## Given information

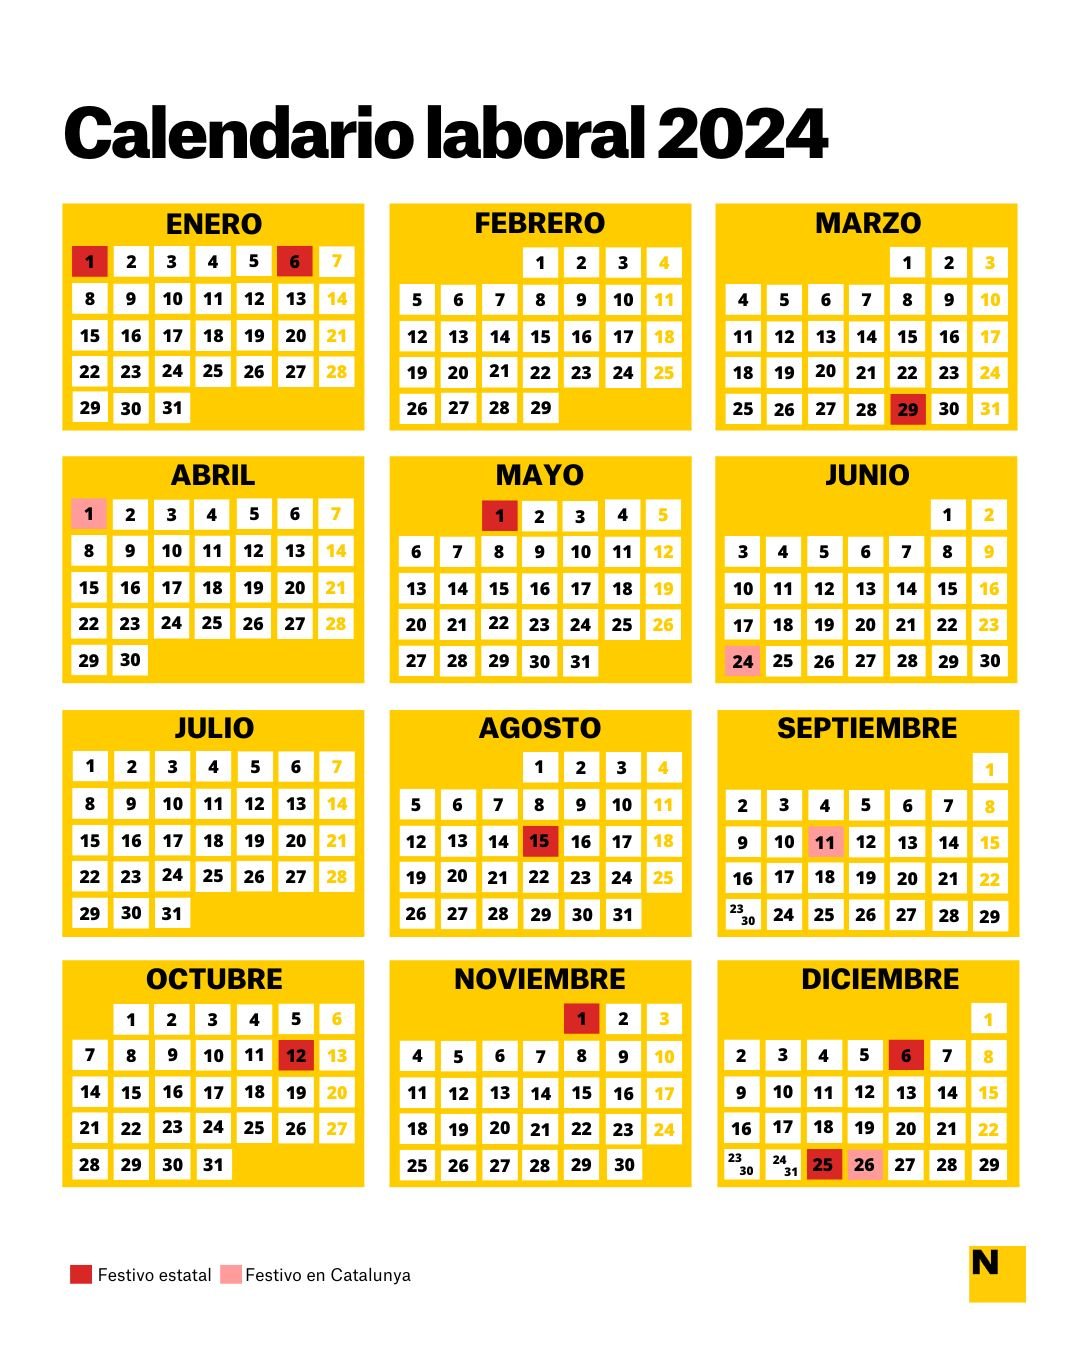 Feste 2024 Calendario Laboral Aubine Gavrielle
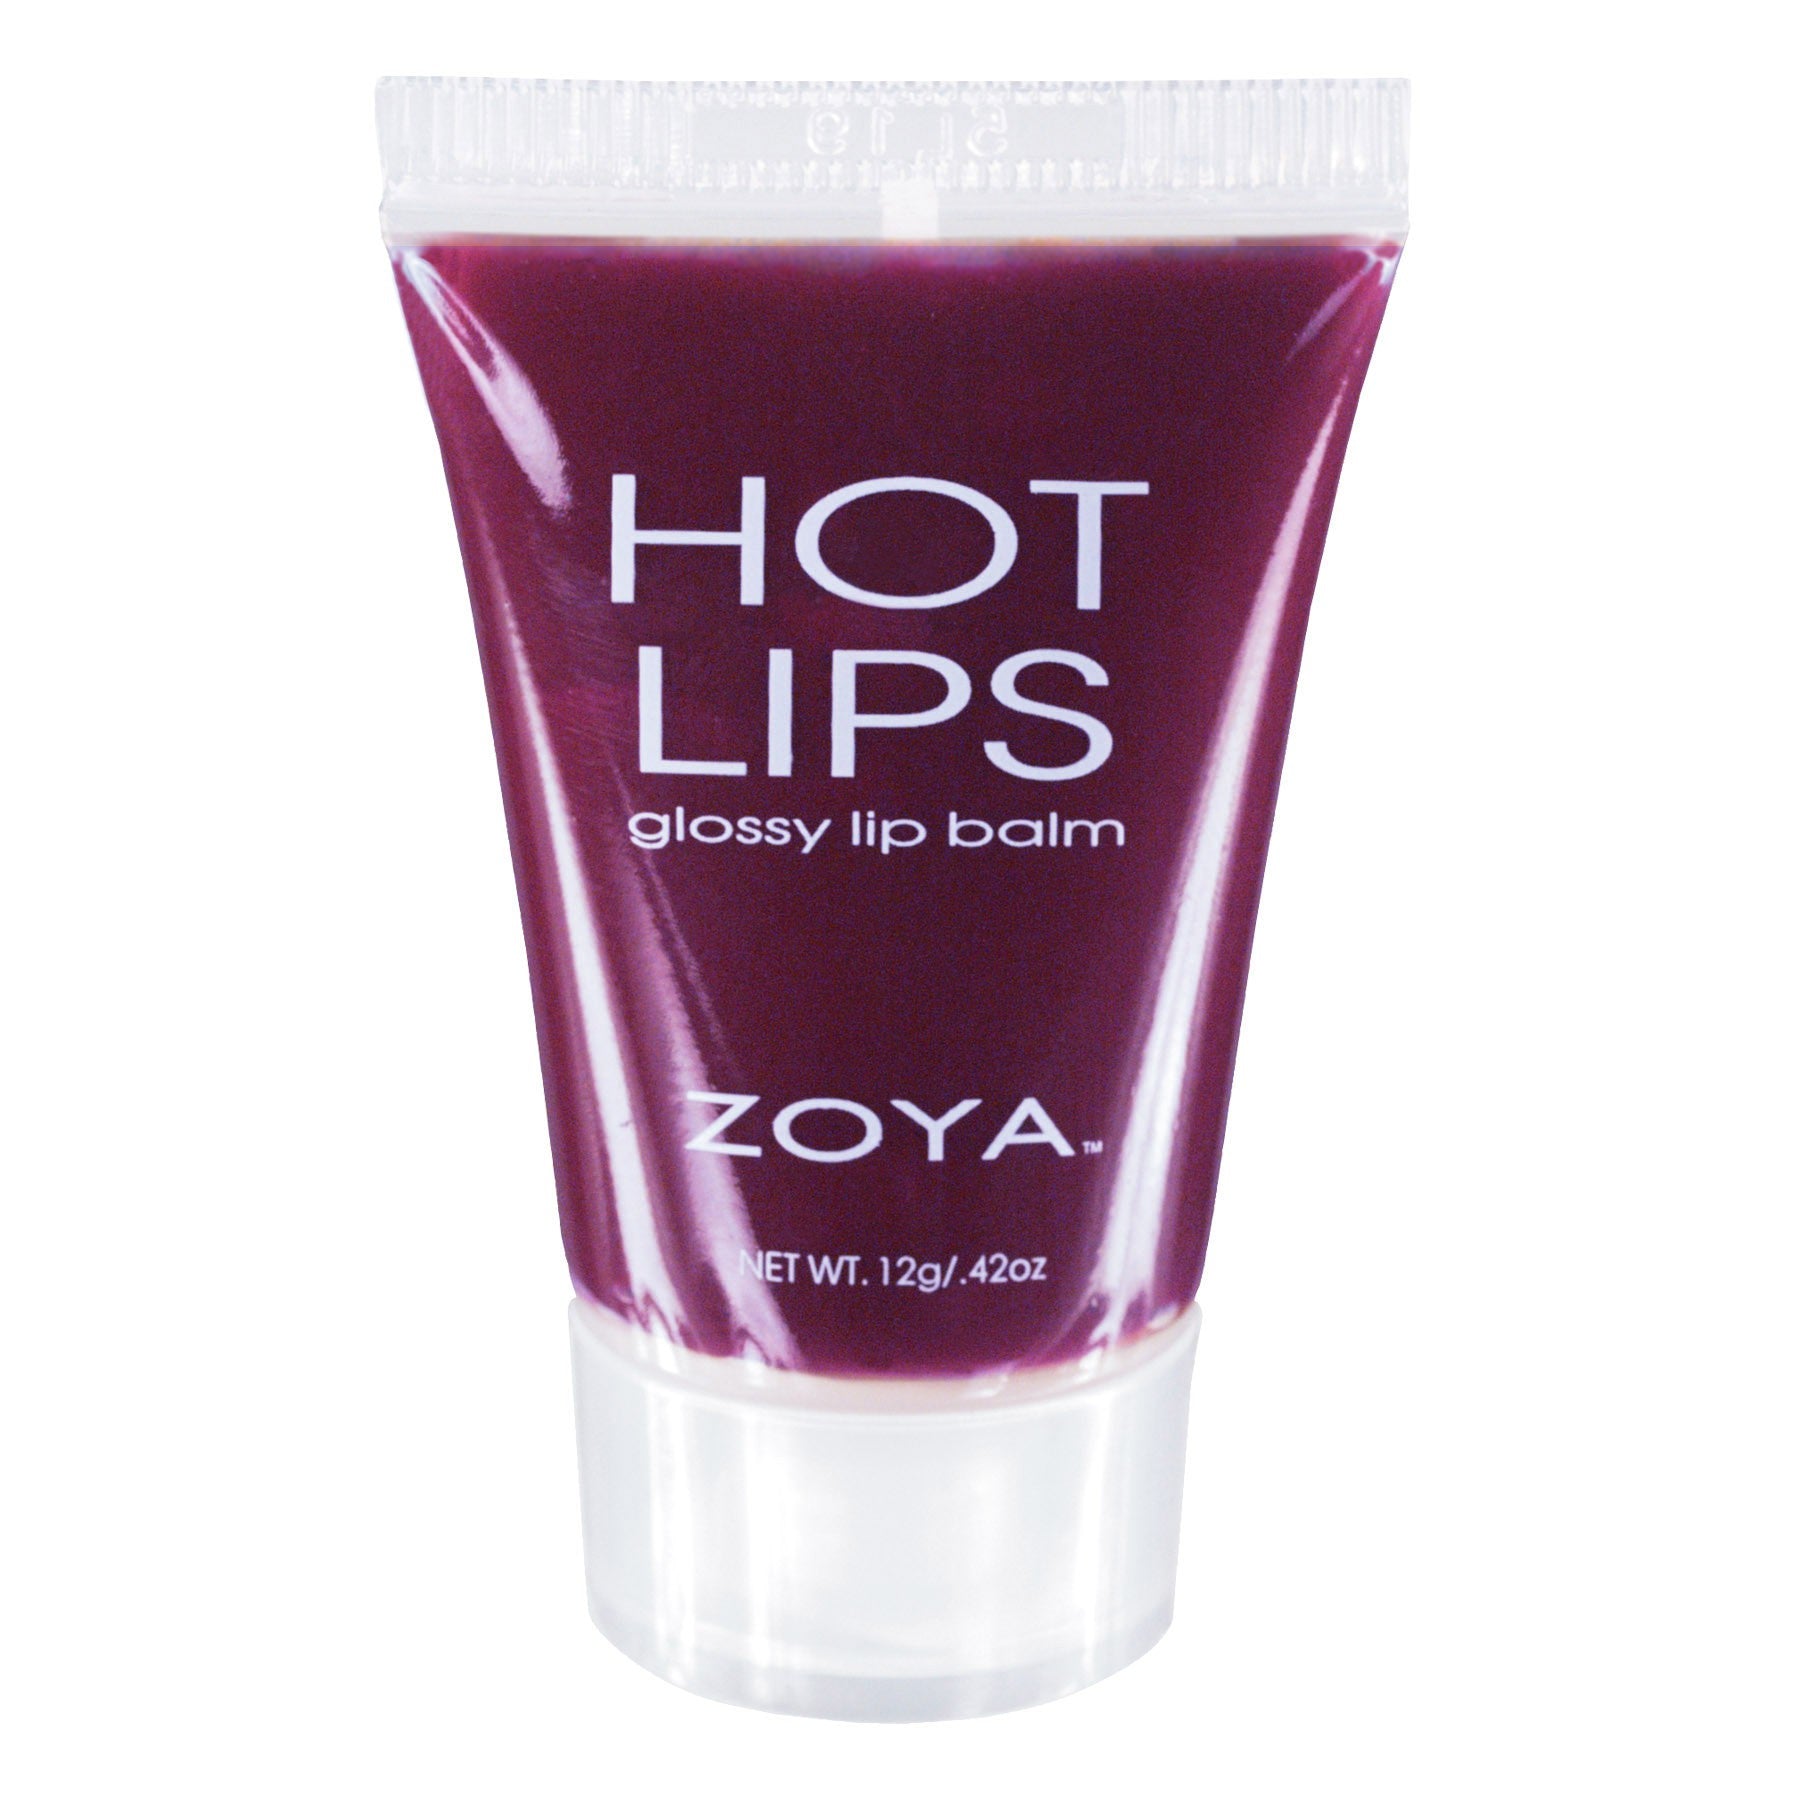 Zoya Hot Lips Visa
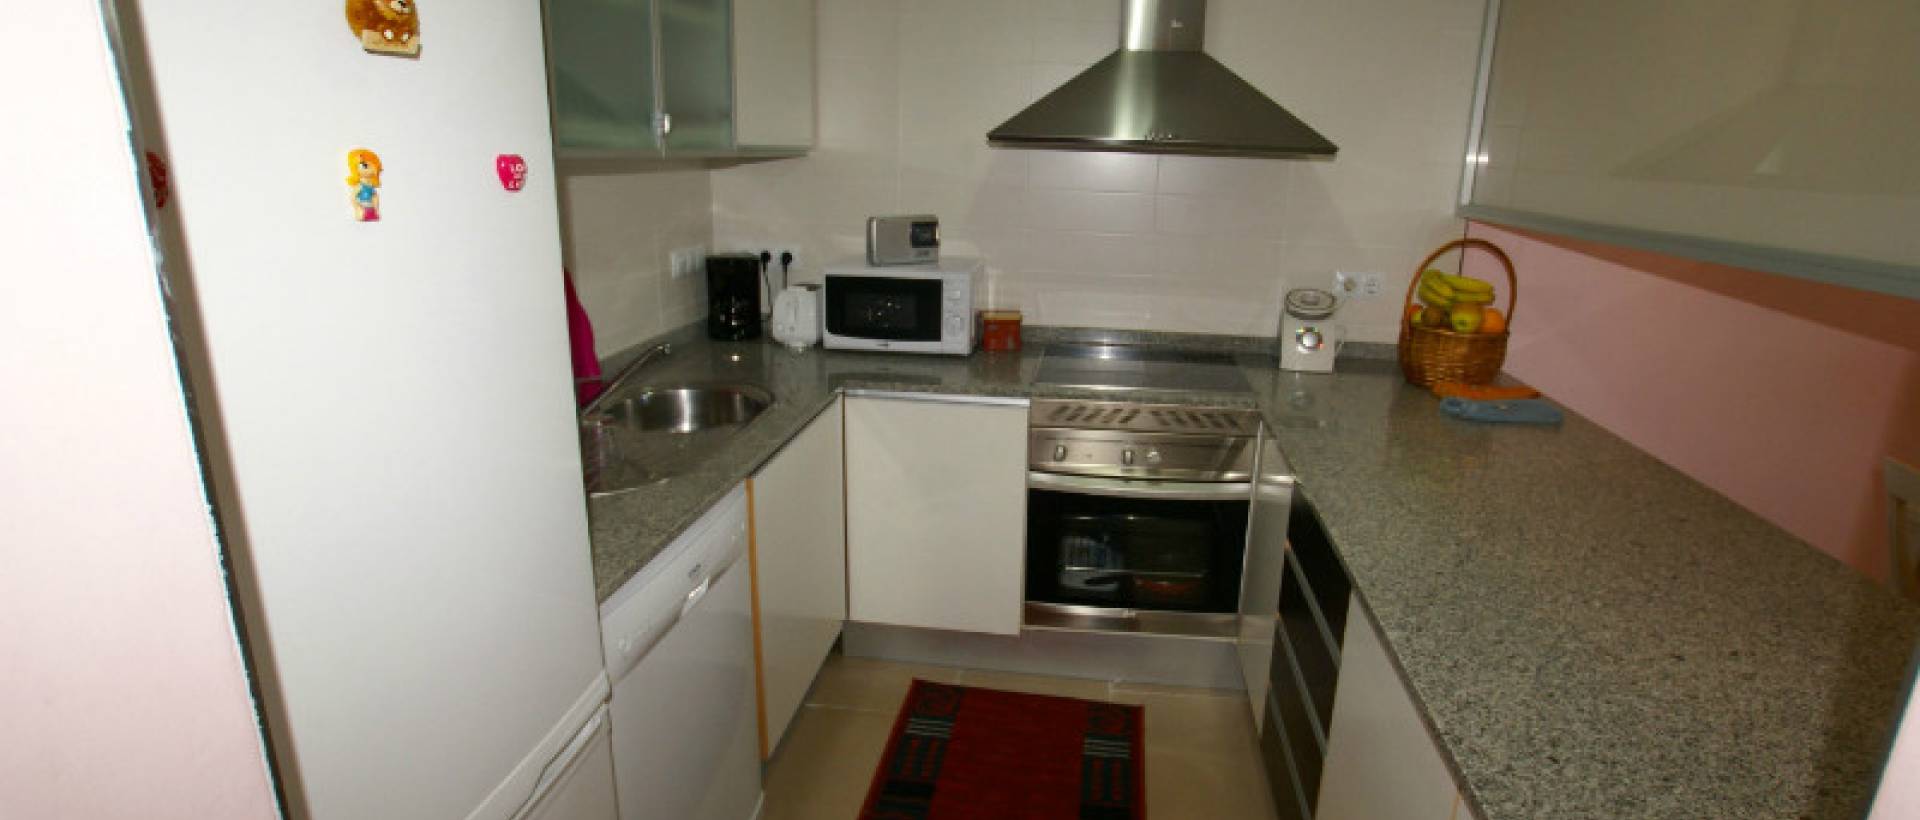 kitchen-apartment-santiado-de-la-ribera-murcia

## Requirement
What is needed is an exact copy of every line from the one with "Zoya Hot Lips Visa" to the end of the listing above, with the pictures left out.

## Written answer
 Zoya Hot Lips Visa
 kitchen-apartment-santiado-de-la-ribera-murcia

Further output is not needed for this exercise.